“The Vibrator Play” was originally written and published by playwright Sarah Ruhl in 2009.
This production is directed by Kate Powers, who came to the University last fall to teach a course on women in theater. An all-female crew has been putting the show together since spring.
Set early in the age of electricity, the play focuses on the use of the vibrator in Victorian times as a cure for “hysteria,” a medical diagnosis for generalized depression and anxiety, typically in women (it’s no longer recognized as a legitimate medical condition).
Tessa Dahlgren, a junior majoring in theater and psychology, elaborated on the premise of the show: “It takes place in the home of a couple and it’s the next room, which is the operating theater that Dr. Givings operates in. Sabrina Daldry is one of his patients and Catherine Givings, the wife, doesn’t really know anything about his practice. Over the course of the show, the two befriend each other and delve into something that’s not talked about at all. It becomes a fascinating kaleidoscope of race and gender and class.”
The play balances comedy with drama, or maybe the other way around.
“Because we’re a bit removed from it now, we’re able to laugh at how rigid and strict Victorian binaries were,” said Isabel Enns, a sophomore in the theater program. “But [we need to] look at how that’s translated into our current lives.”
“I have said that this play is a powerful antidote to a pussy-grabber-in-chief because it’s about women finding their voices,” said Powers. “As much as it’s about discovering what an orgasm is, it’s also about learning to ask for what you want.”
The cast recognizes it may take the audience a moment to adjust when approaching such a private topic.
“I hope people will bring a willingness and openness to be uncomfortable and surprised, and to still be there with it, not check out,” said Enns. “And I hope they get a sense that they’re not alone, a sense that things can change.”
The play is important because it calls attention to the roles that our conceptions of sex play in our everyday lives.
“You have to realize that there are social, sexual identity scripts in place before you can start to question them,” said Dahlgren. “It’s startling how similar [today] is to the Victorian time period … you’re supposed to know everything that’s going to happen, and it’s supposed to go according to plan, and no one’s gonna bonk heads.”
“The constraints look different,” said Powers. “The corsets are gone.

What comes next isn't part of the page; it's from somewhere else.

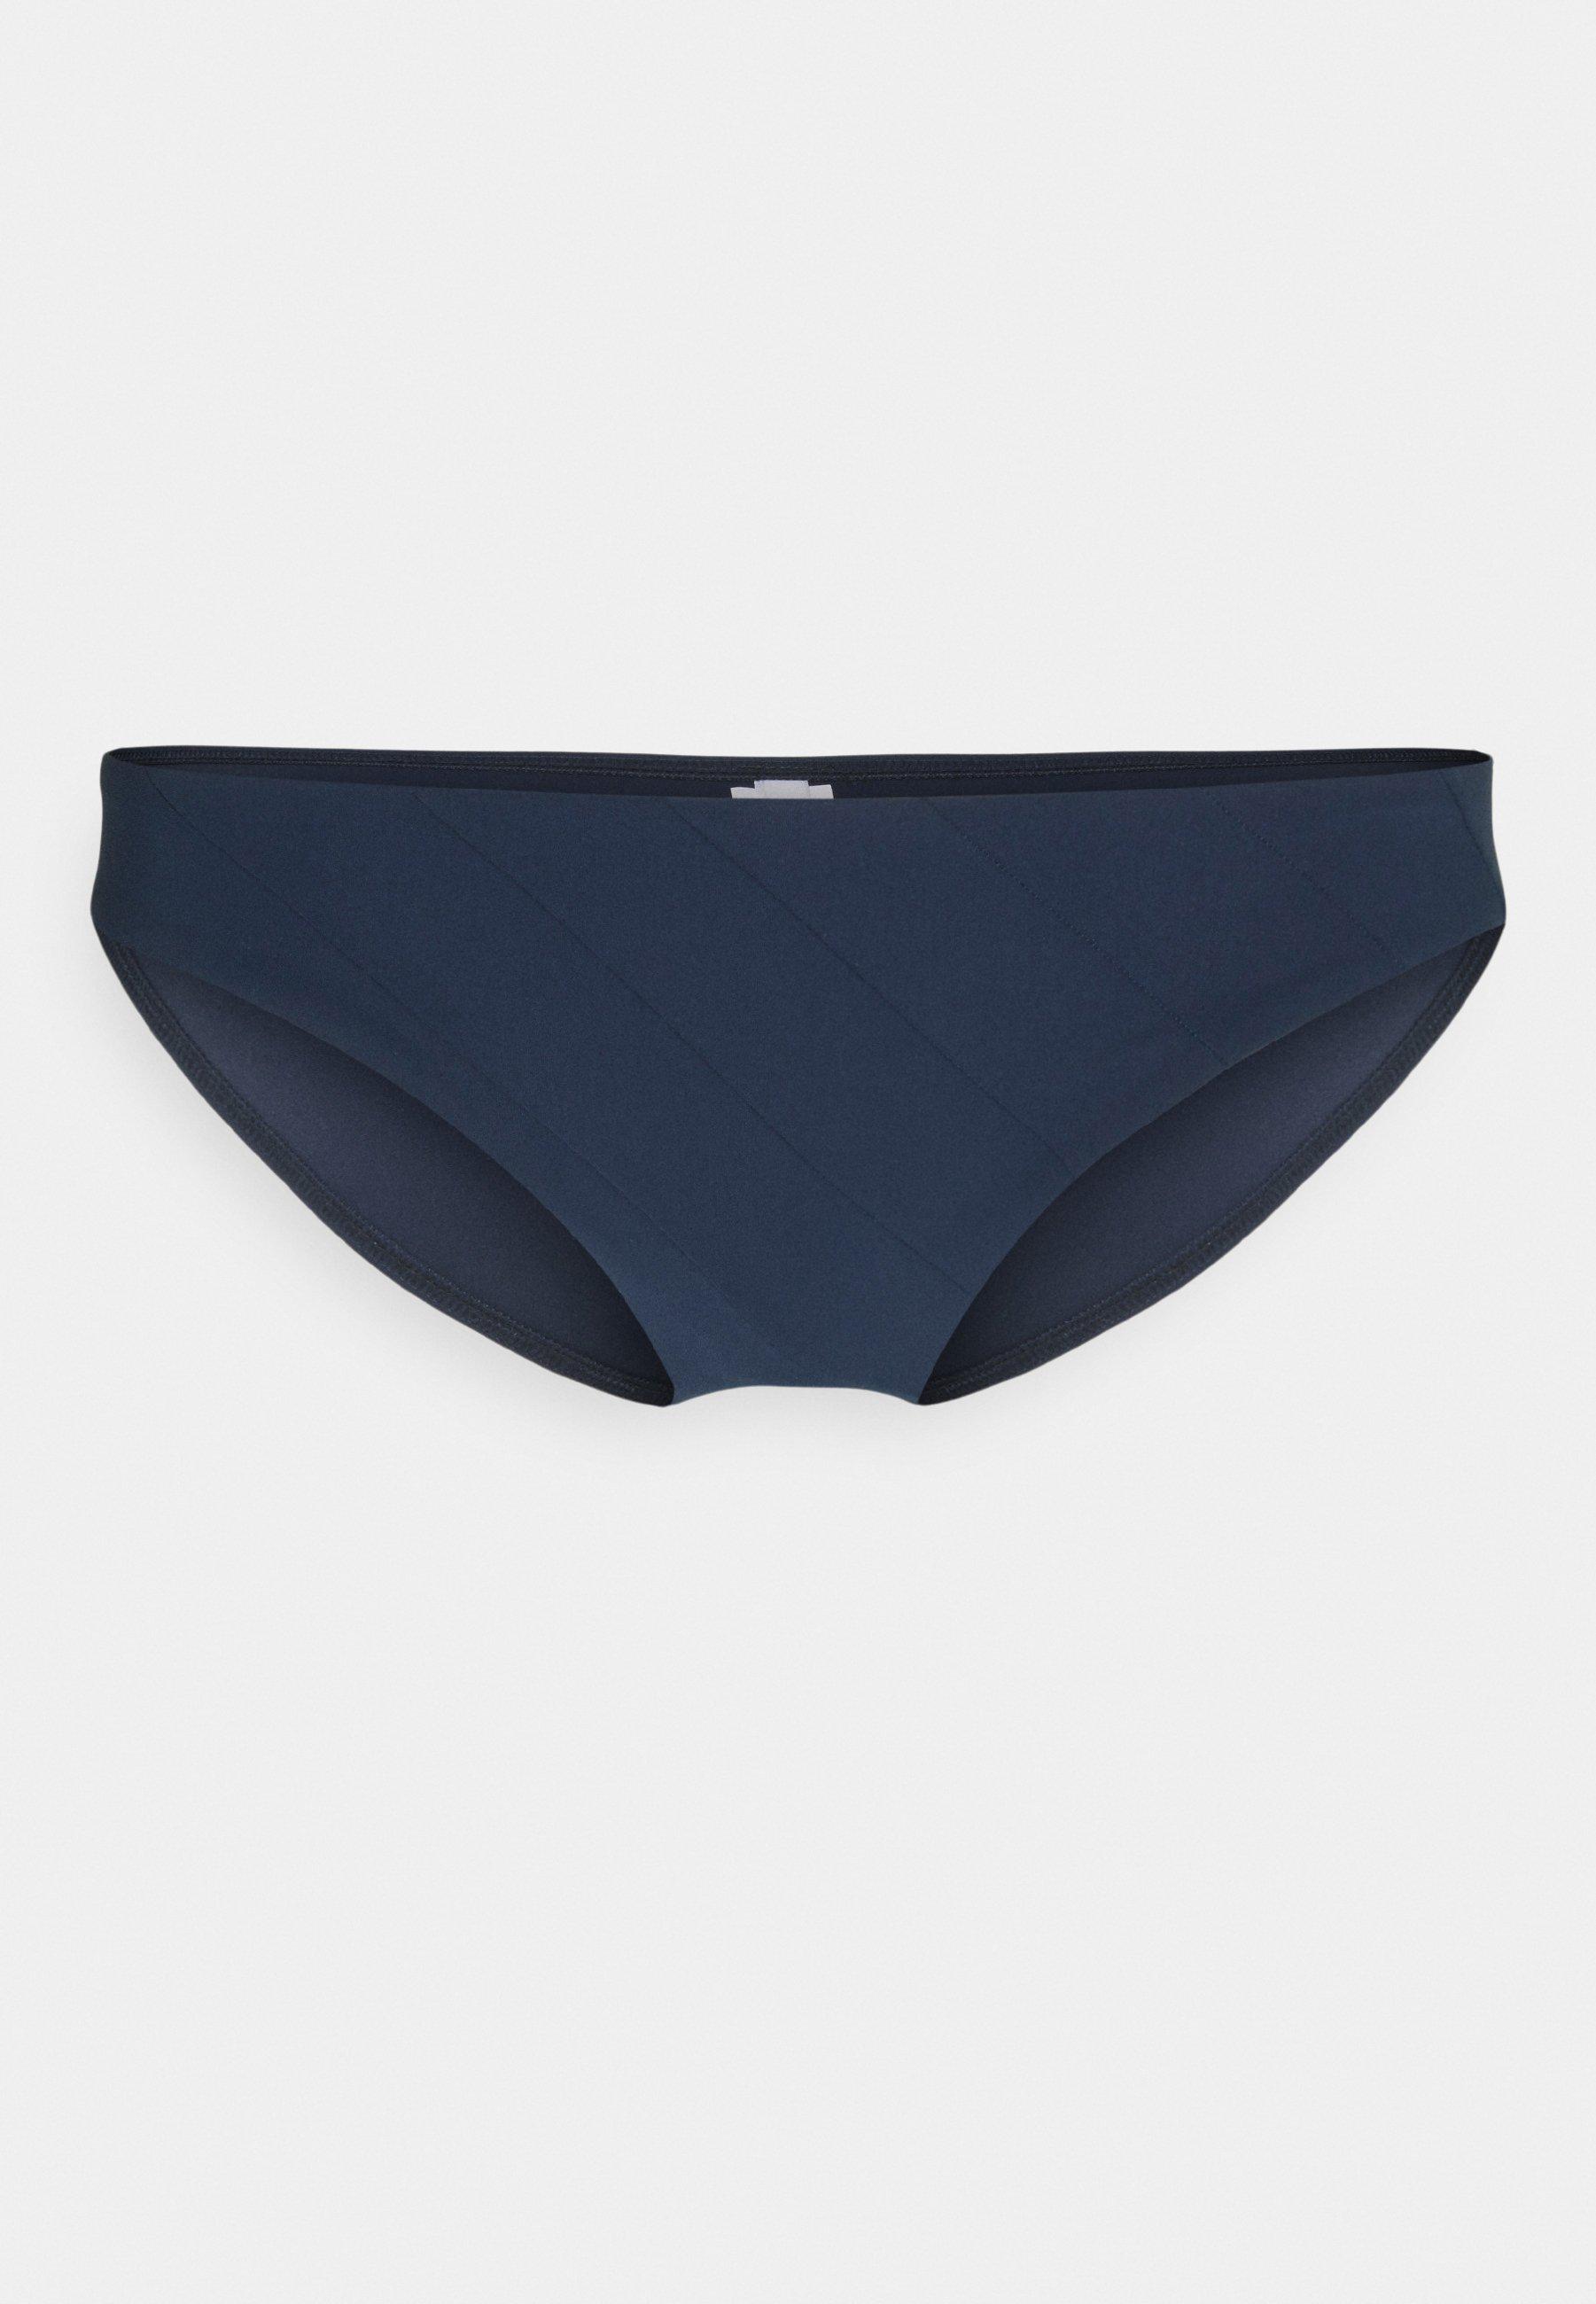 Donna ULTRAMARINE - Bikini pezzo sotto

But we still have all kinds of judgments that we draw.”
But how do you communicate about sexuality if you’re not sure what you want to say, nor how you want to say it?
“It’s difficult to make a choice about how much you want to share with other people if you don’t have the vocabulary already,” said Enns. “Asking questions, knowing how everything works and how to keep yourself safe, how to enjoy yourself and make sure that your partners are enjoying themselves — once you have that foundation, you can choose whether this is something you feel comfortable talking about with other people.”

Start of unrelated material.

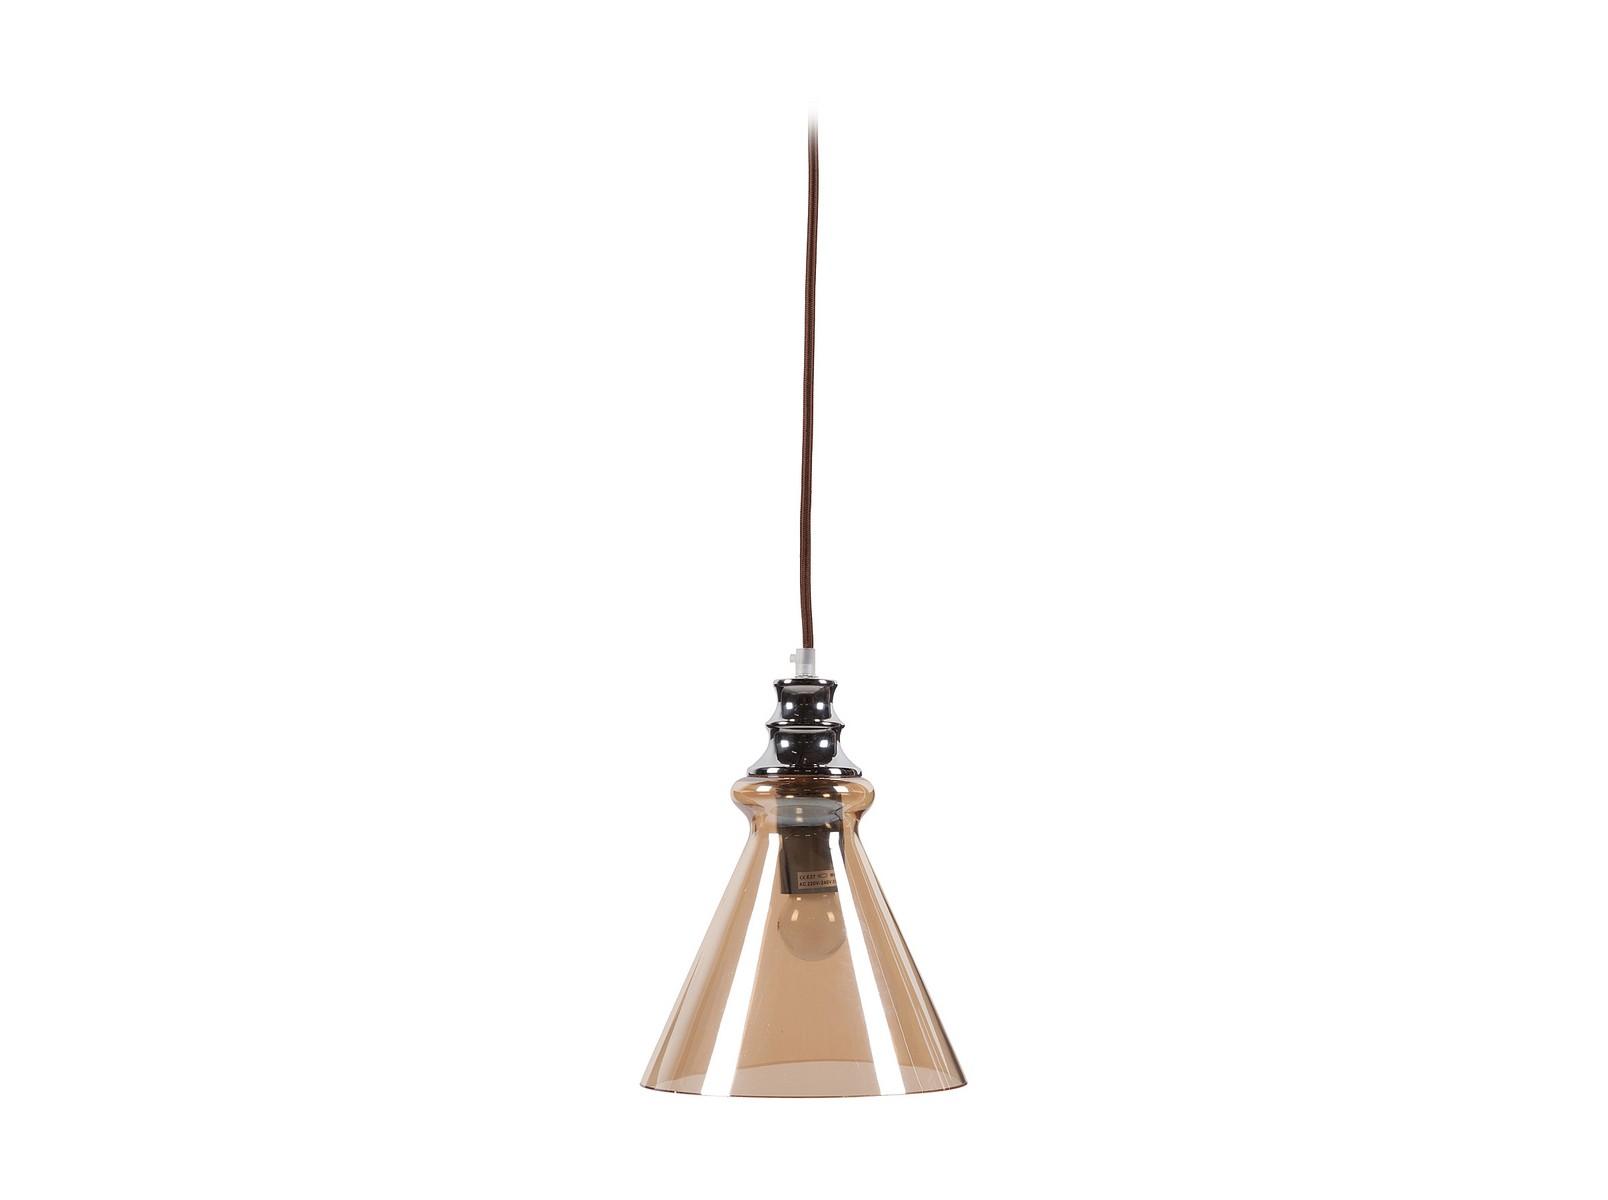 Подвесной светильник LanaПодвесные светильники<br>&amp;lt;div&amp;gt;Вид цоколя: Е27&amp;lt;/div&amp;gt;&amp;lt;div&amp;gt;Мощность лампы: 40W&amp;lt;/div&amp;gt;&amp;lt;div&amp;gt;Количество ламп: 1&amp;lt;/div&amp;gt;&amp;lt;div&amp;gt;Наличие ламп: нет&amp;lt;/div&amp;gt;<br><br>Material: Стекло<br>Height см: 28<br>Diameter см: 20

“Authenticity doesn’t mean that you have to present all of yourself, all the time, to everyone,” said Dahlgren. “It’s having the freedom and comfort to choose, and like you [Enns] were saying, if you don’t have the vocabulary, then it’s not a choice — you’re forced to keep it private and maybe not even acknowledge it yourself.”
Turns out we can relax about the whole ordeal, sit back and enjoy the show, so long as we keep talking about it afterward. And Powers makes a good point: “Serious sex sounds so boring.”